Los discursos están vacíos de
contenido, son huecos. Simplemente plantean lo contrario al enemigo político,
sin argumento ni razón; solo responden a la partícula de un instante, nunca
enuncian más allá del dato inmediato o de la cuestión del día. No disparan
artillería ideológica, porque eso supone compromiso y los políticos, ya se
sabe, tienen que tener la lengua libre para traicionar a su propia memoria si
la ocasión lo requiere.
Son productos descafeinados, uno
se da cuenta de ello cuanto relee los discursos y las ardientes y elucubradas
intervenciones de los políticos de hace casi un siglo. Sin apenas parafernalia
propagandística protagonizaban encendidos debates en las tribunas que dejan en evidencia
a los protagonistas de la sesión de control de nuestros miércoles.
En realidad, no tenemos ni
exigimos opinión sobre las grandes cuestiones de la humanidad, ni del país, nos
conformamos con que alguien trate de solucionar –arrimando el ascua a la
sardina de sus intereses- pequeñas diatribas cotidianas que se quedan en meros
debates superficiales.
Los discursos son ligeros, se evaporan nada más ser consumidos, utilizan términos ambiguos; no son más que meras repeticiones de un estribillo con estrofas de un soneto medido en lugares comunes, vaguedades y referencias a la inoperancia del enemigo político. Algunos se bañan en términos como iniciativas sostenibles, políticas transversales, acciones de innovación, hojas de rutas eficientes, hitos ilusionantes o generación de sinergias; y pronuncian frases recurrentes como ‘mi único compromiso es con los ciudadanos’, ‘la única encuesta válida es la del día de las elecciones’, ‘estoy a disposición de mi partido para lo que considere conveniente’ o ‘no haré declaraciones sobre un proceso judicial en marcha”.
No hay discurso teórico. Se
declaran partidarios del Estado de bienestar sin practicarlo, o asumen los
principios liberales o socialdemócratas en una amalgama a la medida de los
intereses que marca la actualidad, sin tener muy claro que quieren decir en su
fondo. Confunden el discurso con las declaraciones. Y viceversa.

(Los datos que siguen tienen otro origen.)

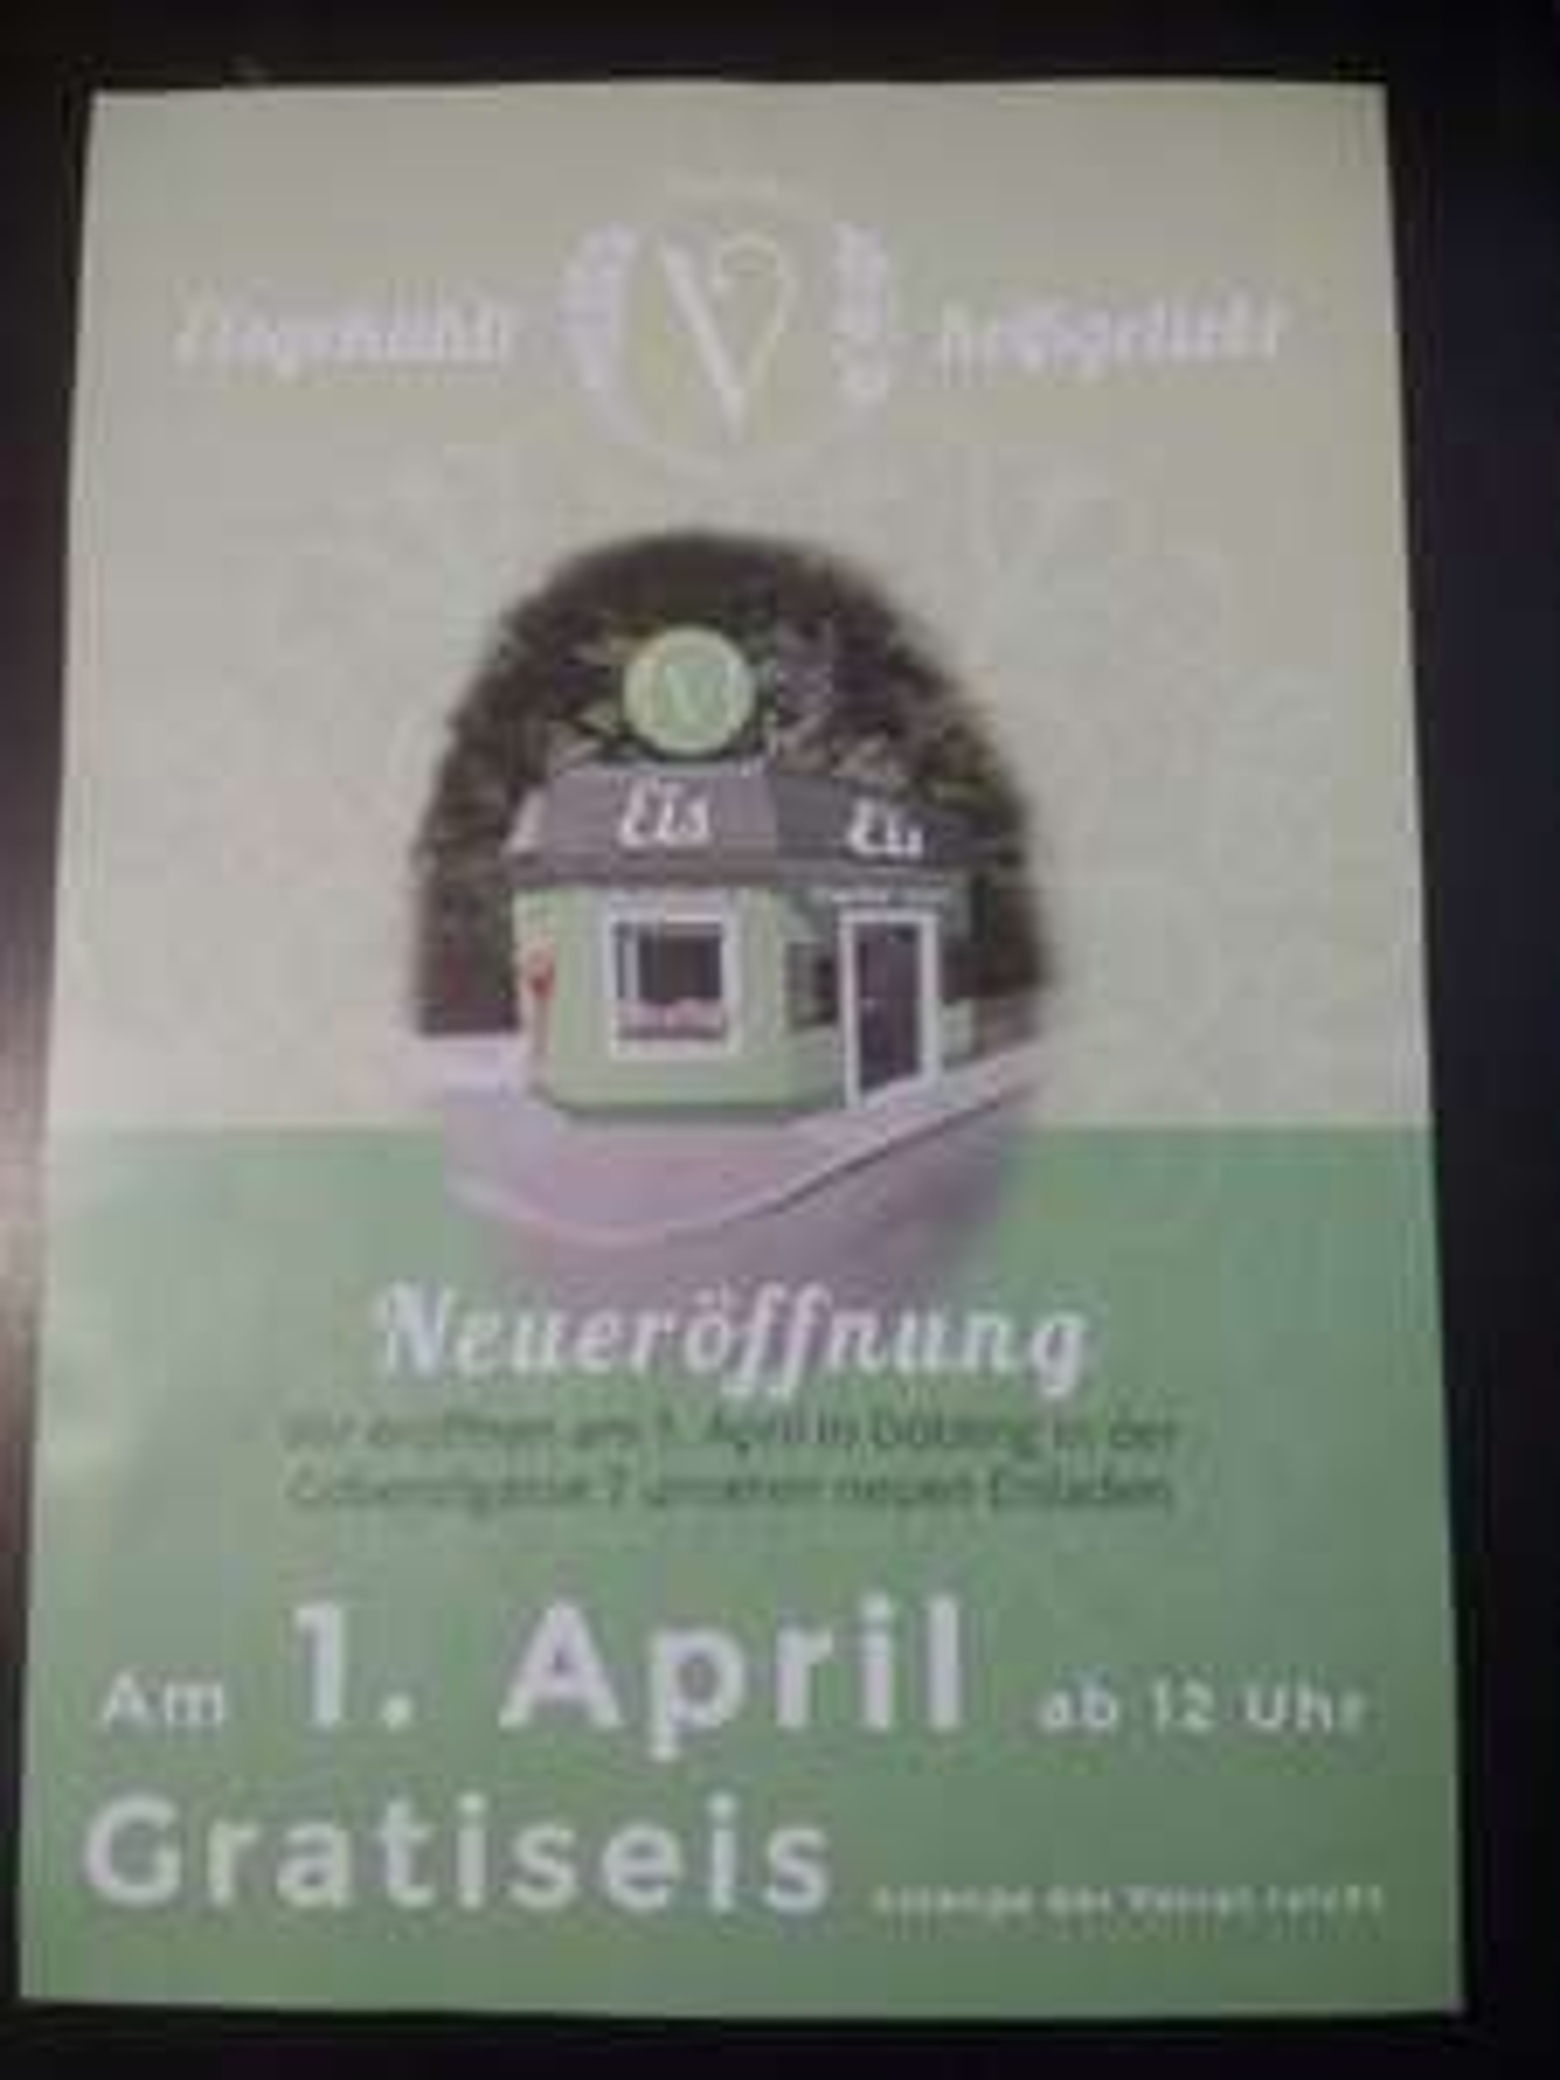 Vidoni 1190 Wien - gratis Eis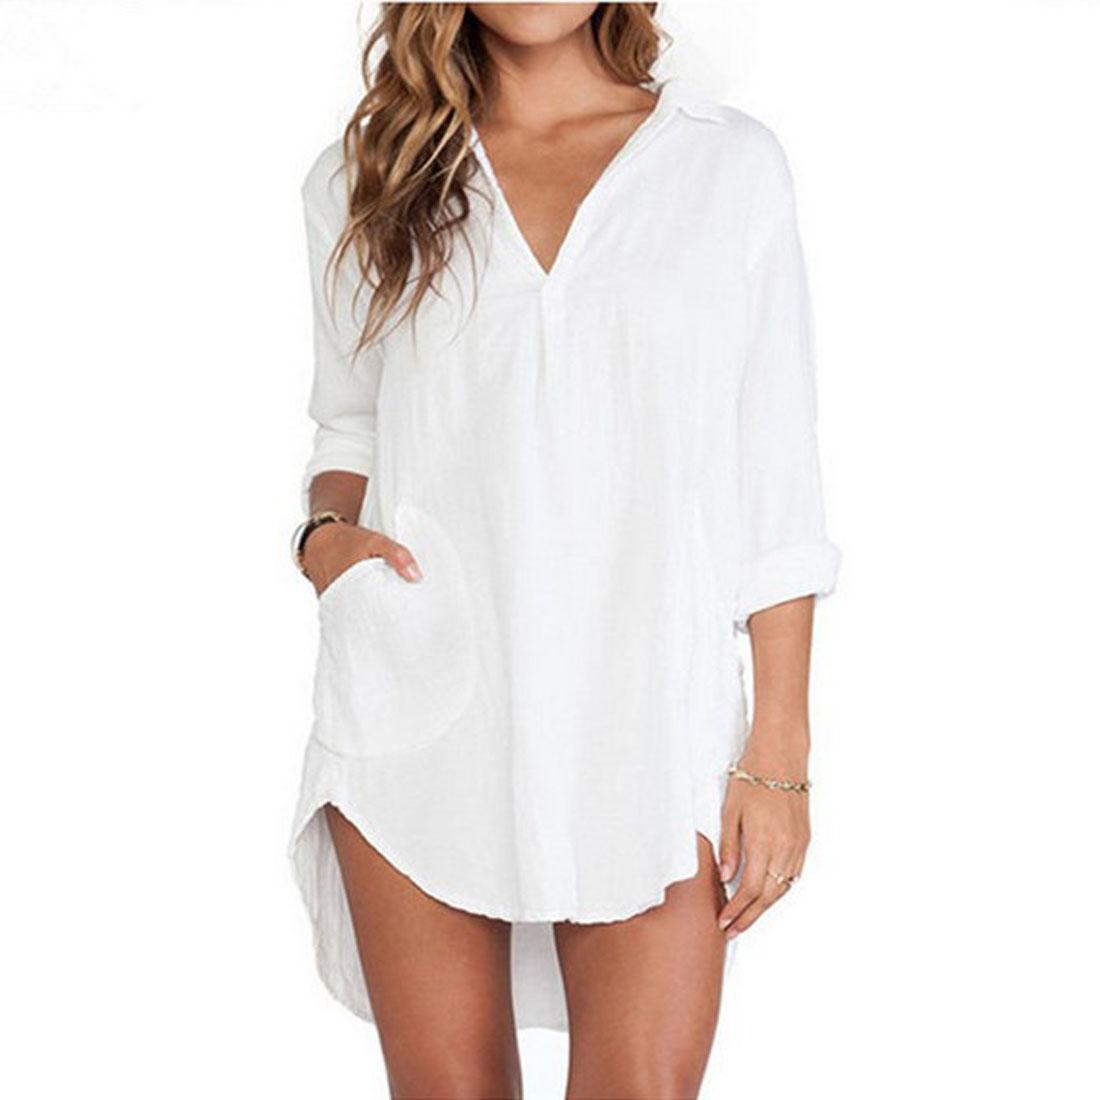 Women Blouse White Pocket 32

Por eso los ciudadanos nos vamos
haciendo cada vez más sordos, somos día tras día un poco menos porosos a sus
mensajes; crece nuestro escepticismo al ver que se alternan en los gobiernos
sin ser capaces de ofrecer una alternativa ética, creíble, real. En su carrera
por llegar al poder se van desprendiendo de su pátina ideológica y se van
haciendo más abiertos para obtener más votos, lo que equivale a renunciar. Sus
propuestas acaban siendo tan generalistas que apenas se encuentran diferencias
reales entre ellos. Acaso esta desazón explique que los desesperados ciudadanos
griegos se dejen vencer por otros discursos peligrosos. Pero diferentes.
Algunos no están haciendo bien su trabajo.
Aquí, en España, tenemos
soberbios ejemplos de retórica política. “Haré
lo que tenga que hacer, incluso lo que he dicho que no iba a hacer”.